Task directions — What is needed here is an exact printout of the data, with no pictures included.

Data items —
--------------------

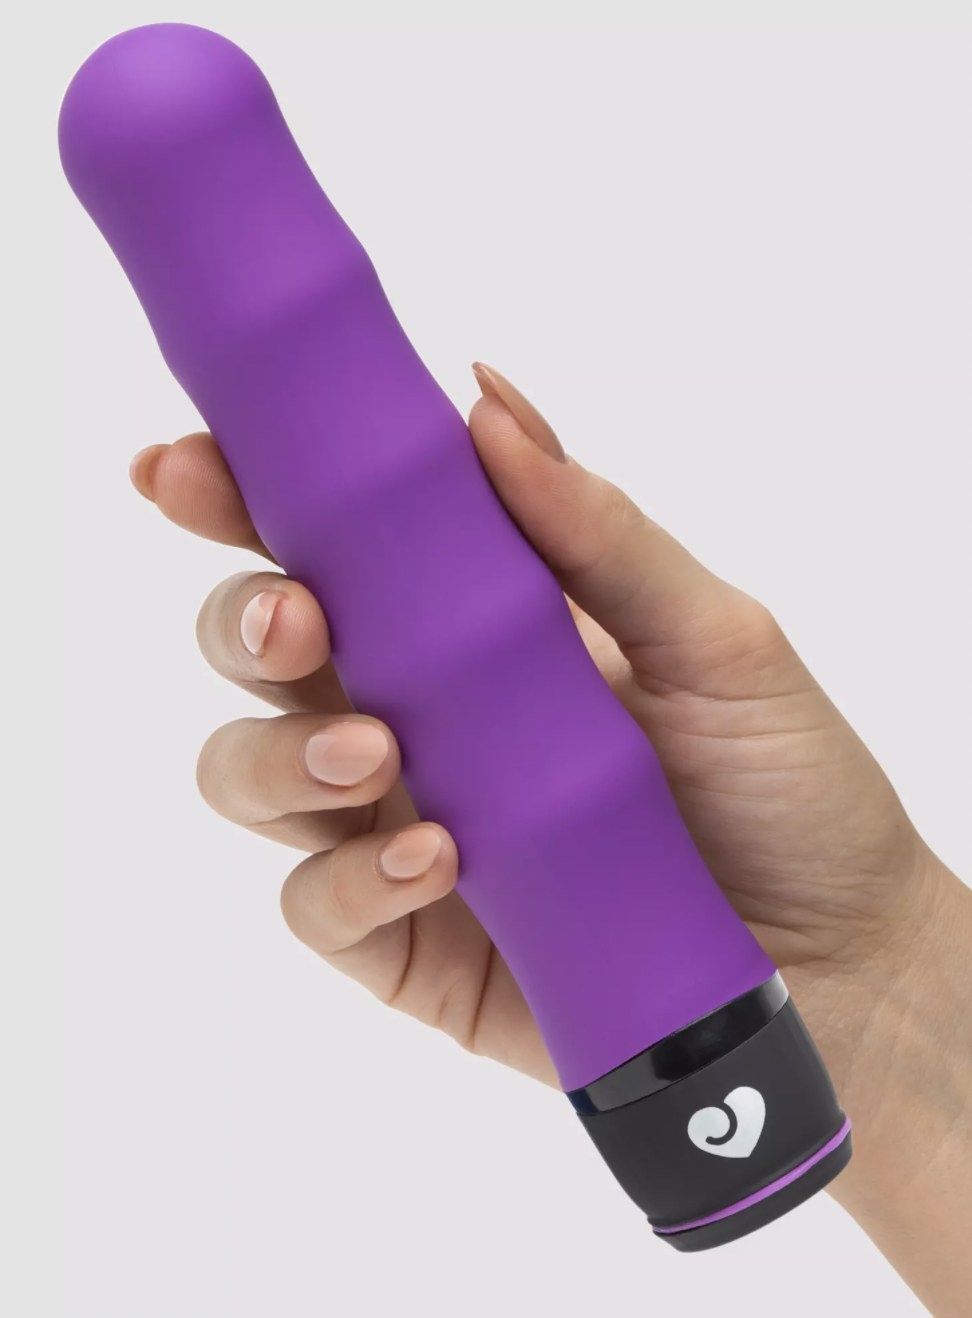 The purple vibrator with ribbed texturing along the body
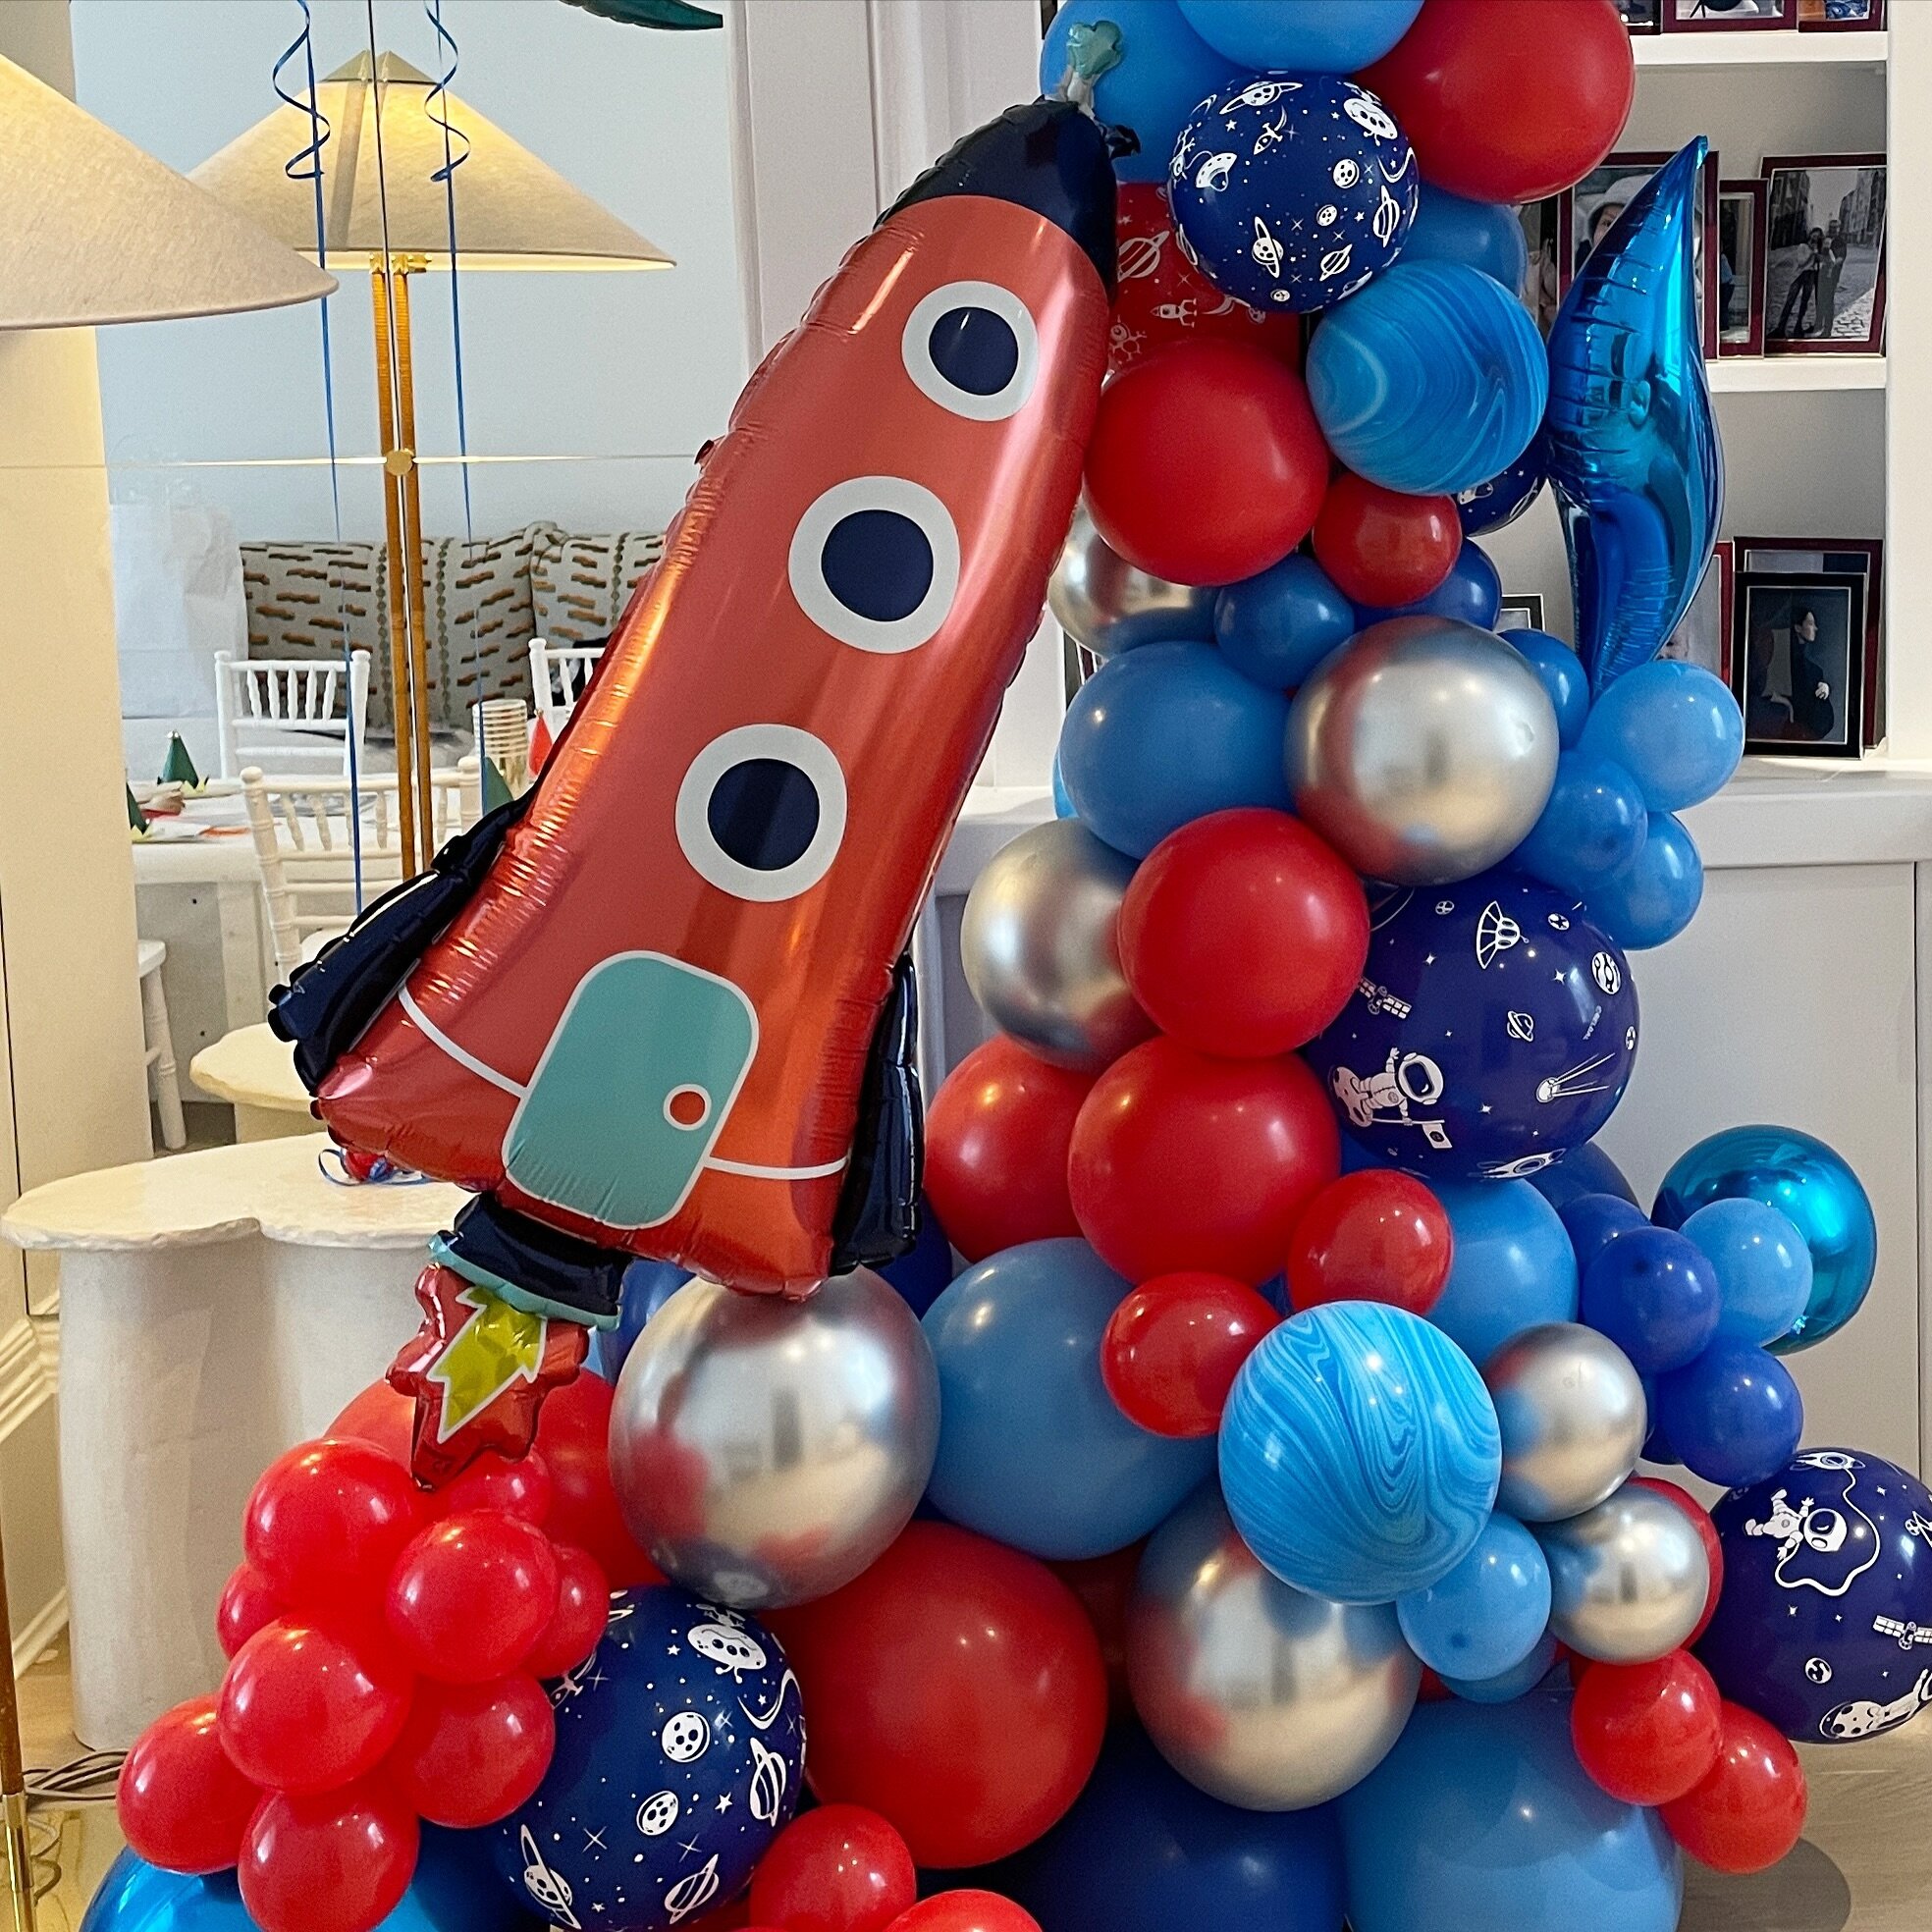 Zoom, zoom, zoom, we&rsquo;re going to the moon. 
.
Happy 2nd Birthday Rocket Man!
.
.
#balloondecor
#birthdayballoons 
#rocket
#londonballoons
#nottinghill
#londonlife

--------------------

Exercise response —
 The purple vibrator with ribbed texturing along the body
 Zoom, zoom, zoom, we&rsquo;re going to the moon. 
.
Happy 2nd Birthday Rocket Man!
.
.
#balloondecor
#birthdayballoons 
#rocket
#londonballoons
#nottinghill
#londonlife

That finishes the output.